While there may have been a time when assisted living facilities were basically a place to send an elderly relative when you simply couldn’t care for themselves any longer, that’s now a thing of the past. Assisted living can now provide access to loads of fun activities, an active social calendar and even opportunities to learn new things. In fact, more and more elderly people are opting for these kind of facilities for their golden years.

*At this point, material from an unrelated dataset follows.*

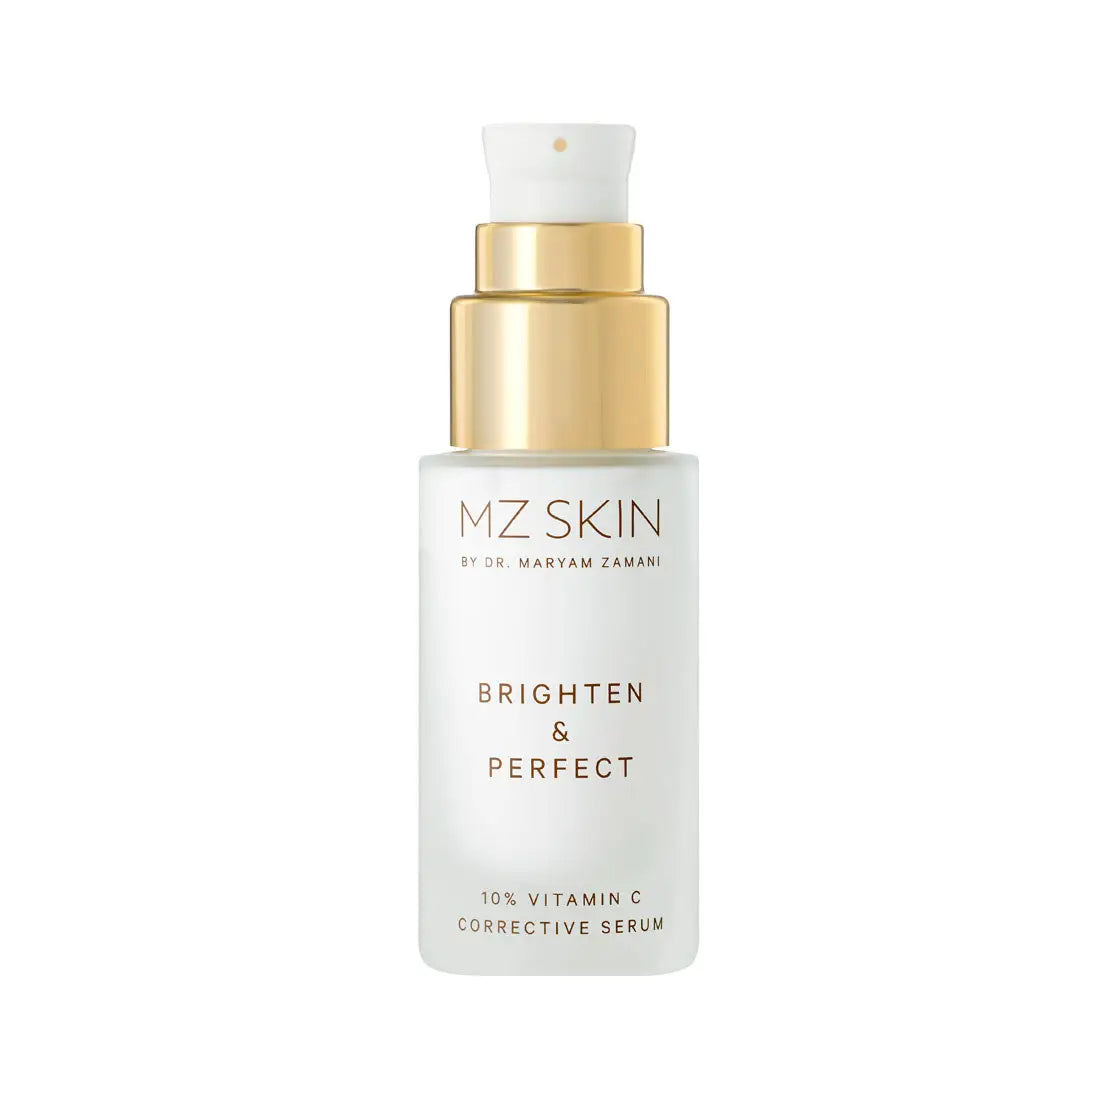 MZ Skin Brighten & Perfect 10% Vitamin C Corrective Serum

Assisted Living: A Brand New Life

While care homes are helpful for those who need a little bit more help or need access to regular medical attention in their older years, they also have excellent benefits for the elderly. Oftentimes older people who live on their own can feel isolated, or become stuck in a rut. Living in a facility such as Chateau Vestavia assisted living, can provide access to all sorts of fun activities, group outings and regular contact with others, making it ideal for any older person.

Social Access

Studies have shown that regular social activity can go a long way to helping to stave off memory loss and even Alzheimer’s disease. Being a part of an assisted living community allows a senior to have access to other peers, especially those who share the same interests. Retirees can join others for group meals, classes and outings to meet new neighbors. New residents will be making friends in no time.

Physical Activity

Keeping fit and physical into their later years can go a long way to keeping a retiree from aging before their time. A healthy weight and regular exercise can keep their heart healthy, as well as prevent the aches and pains that come along with getting older. Many facilities have gyms, pools and staff on site so residents can create their own exercise program. Staff can also give advise on losing weight and staying healthy.

Eating Right

As people age, they may be cooking for one for the very first time in years or they may just not want be bothered with making decent meals. This can be detrimental for their health, and an assisted home can help with that. Many offer group mealtimes, where diners can take in a balanced meal with friends. Apartment-style homes are often equipped with a kitchen, and nutritionists and helpers can offer advice on how to make great meals that will keep people in tip-top condition.

Group Trips

Just because a person is getting older doesn’t mean they can’t get out and about. While many seniors may not be able to drive anymore, assisted living facilities will offer social activities for groups such as trips to go sightseeing, visit national monuments or even to connect with nature. Getting out helps keep the mind stimulated, and prevents elderly people from having that “cooped up” feeling.

The image of the dank, boring care facility is truly one of the past. Today’s elderly clients are more active both physically and socially, and these homes are stepping up to the mark to provide services to match. Be sure to view any home you’re considering fully and ask any questions you might have. Chances are there’s a match for you.